In order to engage the transverse, you must remember 5 things about this muscle…Let me teach you the 5 step headlift… There are 4 things to remember before starting the headlifts…It is important to make sure you do the first 3 steps of the headlifts correctly before lifting your head… There are 2 ways for you to know if your transverse is in or out…There are 3 places you need to hold the splint when doing the headlifts…There are 2 visualizations in the headlifts. The first 3 steps are called pelvic stabilization. These 3 steps must be done correctly before doing the last 2 steps of the headlifts.

Bhwaaaahahahahahhahahaha! My head is swimming…

I sure hope I can remember all of that!

In week 3, although I did my exercises, I got a little lazy with steps 3 and 4 of holding in my transverse and getting up and down/picking things up correctly. Also, the splint would ride up to my ribs above my belly button constantly and I would have needed to adjust it with every movement. Since I don’t sit still all day, I’m not sure how effective my splinting was this week even though I adjusted it throughout the day. I’m thinking I might need to order a smaller one. Seems like it would be easier to wear two instead of having to hold the second one for the week 4 exercises anyway.

I really hope this program is going to work for closing my diastasis!

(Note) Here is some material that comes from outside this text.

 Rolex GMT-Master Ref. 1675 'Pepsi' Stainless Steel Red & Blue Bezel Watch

I am doing the best I can. One thing for sure is my transverse is getting stronger, my posture is much improved, and I notice my back hurts the next day if I did any slumping the day before. So, I am still building an awareness and seeing results that encourage me to keep going.

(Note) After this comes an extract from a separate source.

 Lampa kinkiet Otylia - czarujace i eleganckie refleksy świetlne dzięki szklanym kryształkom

Diastasis Recti Rehab: Week 2 Conclusion

My diastasis is as wide as my guitar neck

I am impatient. I want my diastasis to close NOW.

I checked my diastasis this week and it is still 3 fingers wide. I told myself not to check it this early so as not to get discouraged. It’s probably too soon for there to be any noticeable change. But it was like thinking,”I’m not going to eat that reeses peanut butter cup”, which of course makes it much more enticing. Man I love those things. Mmmmm…

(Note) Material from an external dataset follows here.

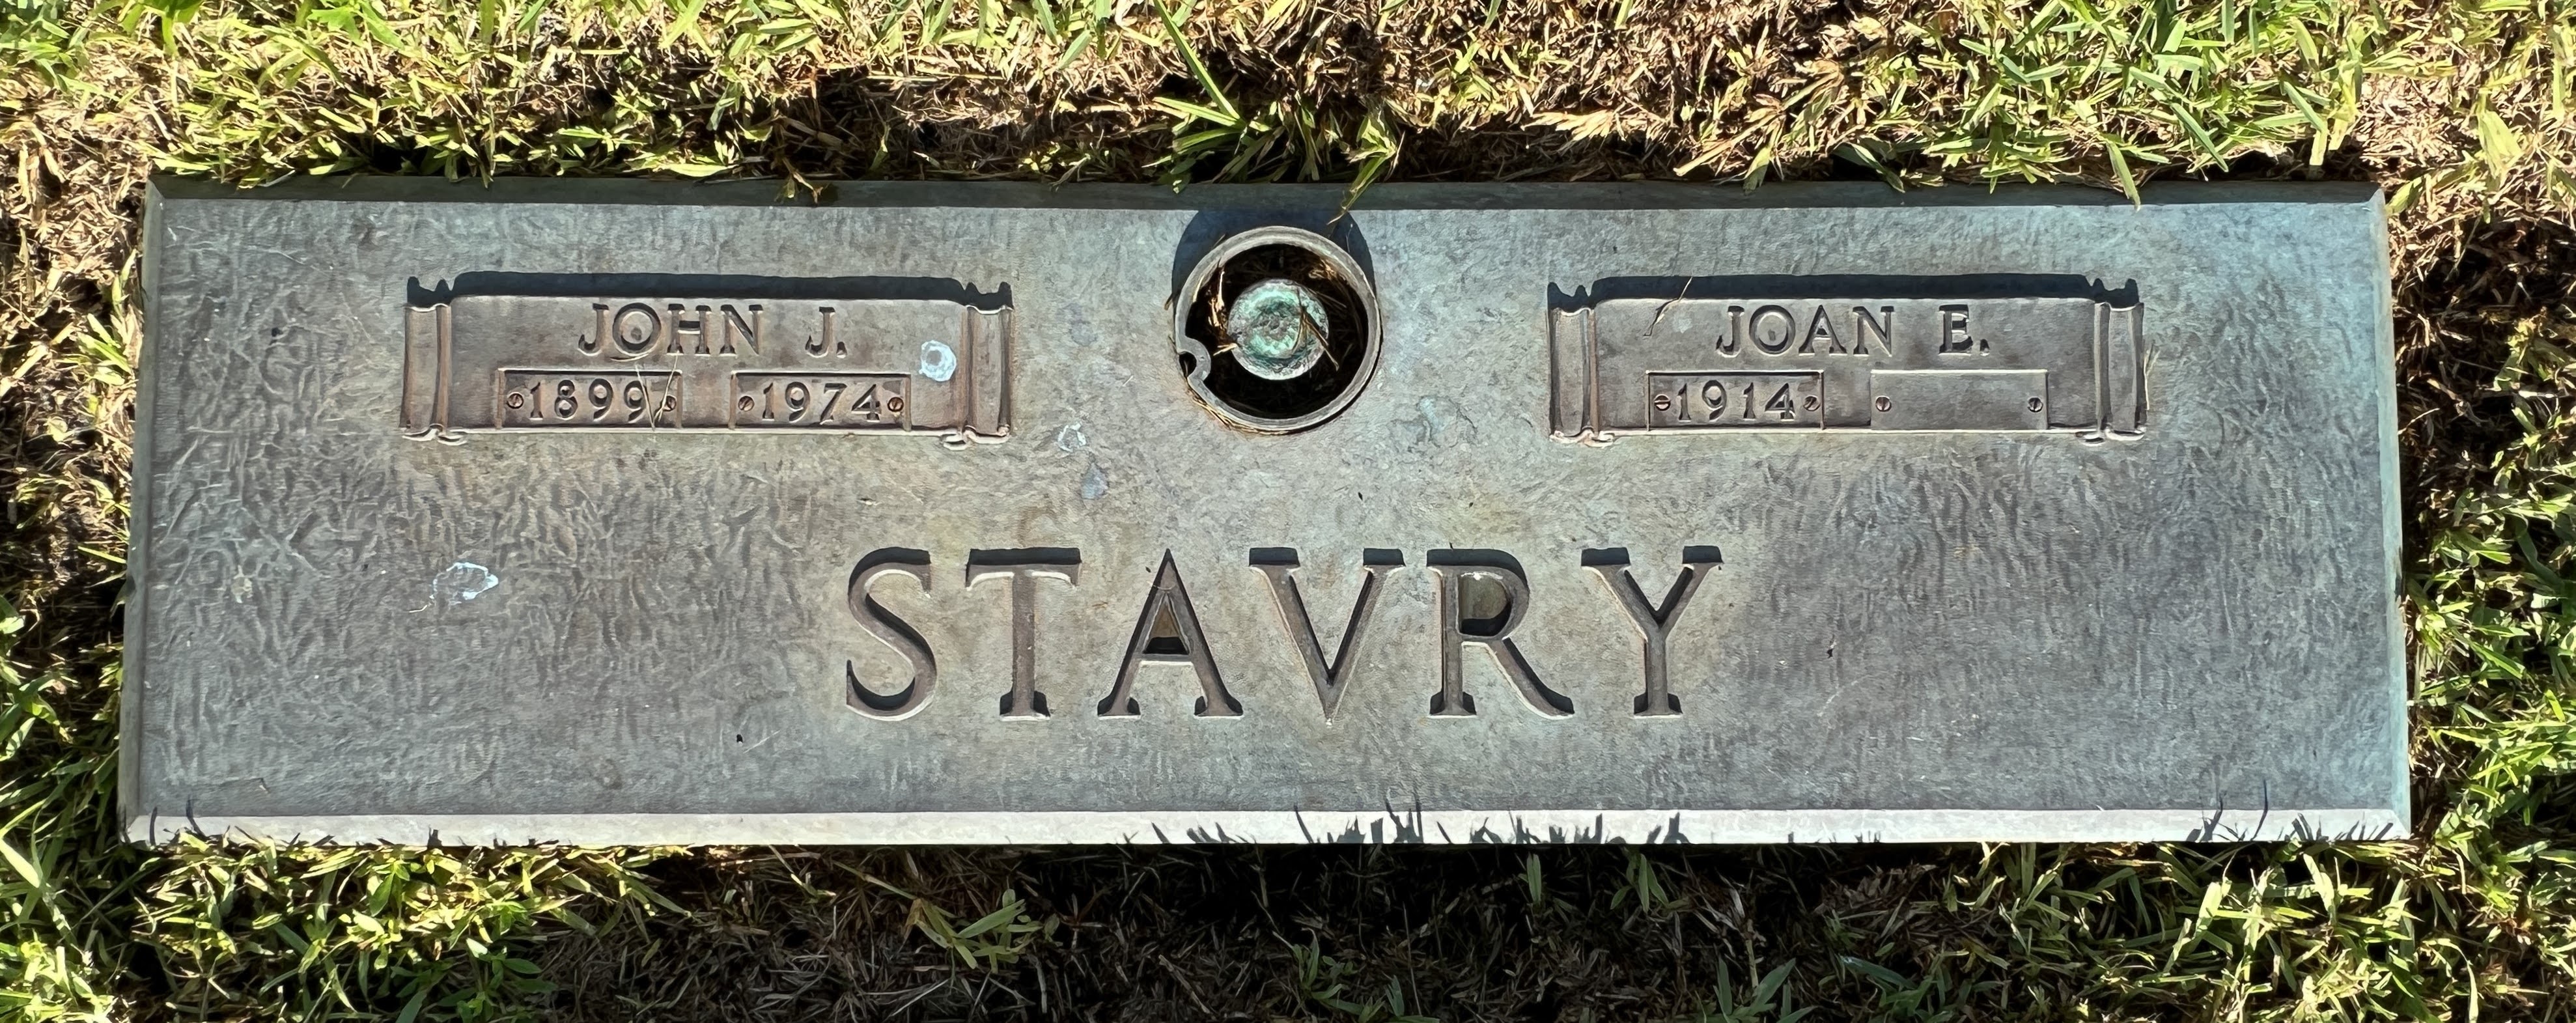 John J Stavry

I did get discouraged when I checked it yesterday.

However, I have enough insight about myself to realize that maybe I wanted it to still be 3 fingers wide. It would give me a reason to say, “this is not working. I quit”. I pouted for a day, skipped my evening exercises, had glass of wine and melted into the recliner to catch up on American Idol…WITHOUT the splint. Don’t tell Julie Tupler I took the night off.

After the enthusiasm of starting a new work out or resolution wears off, I have to find motivation to keep me going. My tummy’s appearance after the diastasis closes is not enough. In fact, my mummy tummy will never be the same because of how my skin stretched with my pregnancy. This is not about making my tummy look better. At this point in my life, it doesn’t really bother me. I have a beautiful child to show for it and I will have more.

Why is it important to close my diastasis?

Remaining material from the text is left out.